Tuesday 17 December 2013

Avoiding the Fate of Victor Frankenstein

I am mindful of the fate of Victor Frankenstein. There is danger in seeking the reanimation of a man’s all too frail flesh. Sometimes the result can be more destructive than one might have ever imagined. The natural dissolution of memory and a loss of narrative allows many things to drop from our personal and collective consciousness.

This can be a good thing.

It is well known that a restful night’s sleep is a curative after the worries and cares of the day. It can be wholesome to wake without the immediate memory of our past sorrow and pain. Yet, it can also doom us to repeat the same scabrous problems that fester just beneath the surface of our lives. Such ‘infections’ endanger the immunity of an otherwise healthy corporate body.

Am I being too florid? Cornel has been accused of this. So, I am in good company? Or, am I? Was Cornel Lumiere a good man? In what sense might we say he was good? Some of the things that he did were not good in the eyes of some people. Other people only have good to say of him. Both types are what Australians refer to as ‘one eyed’. They can only see things from one perspective.

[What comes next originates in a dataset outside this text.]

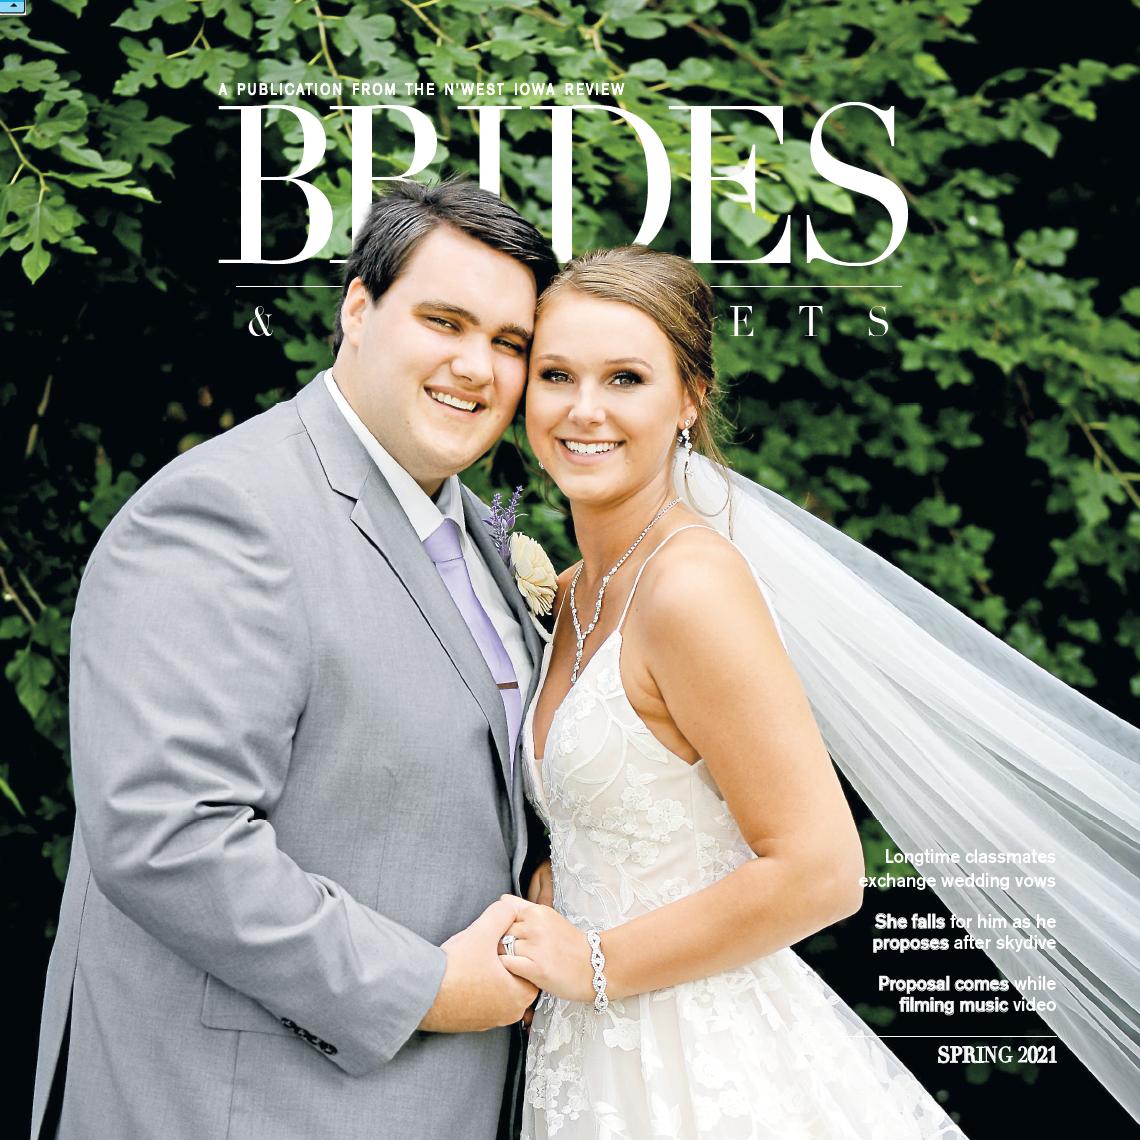 Brides & Bouquets Spring 2021

In this digital biography, I will try to be somewhat more ‘objective’. Not entirely. I have a grudging like and respect for the man. However, he was a complex person; he was many sided. Should you be on the wrong side of his agenda, you might get short shrift. But, must a person be all things to all people? Perhaps not.

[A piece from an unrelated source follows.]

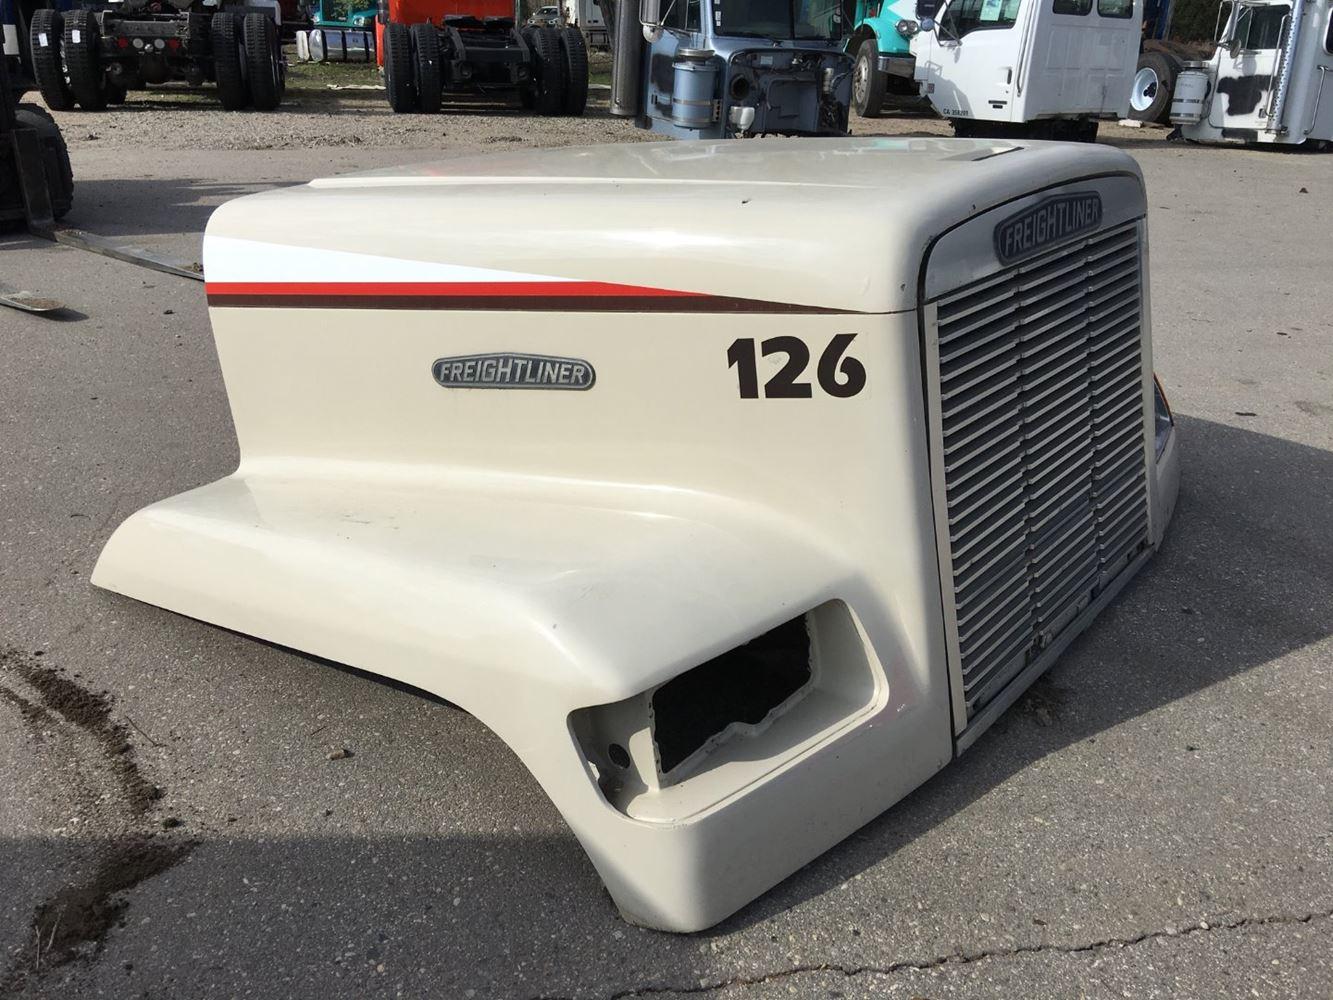 Freightliner Fld120 Hood : Freightliner fld sfa stock p hoods tpi

But, what if you projected this image out into the world? Can you be held responsible when you fail? And, what of the potential biographer? Does he or she not have a responsibility to provide sufficient evidence to understand the complexities of the person? Should they also not recount the complexities of the times?

In a sense, Frankenstein’s monster had a moral case against his creator. The monster had been abandoned with disgust by Victor without a hearing. So, I must give Cornel Lumiere the benefit of doubt while giving you sufficient information to draw your own conclusions.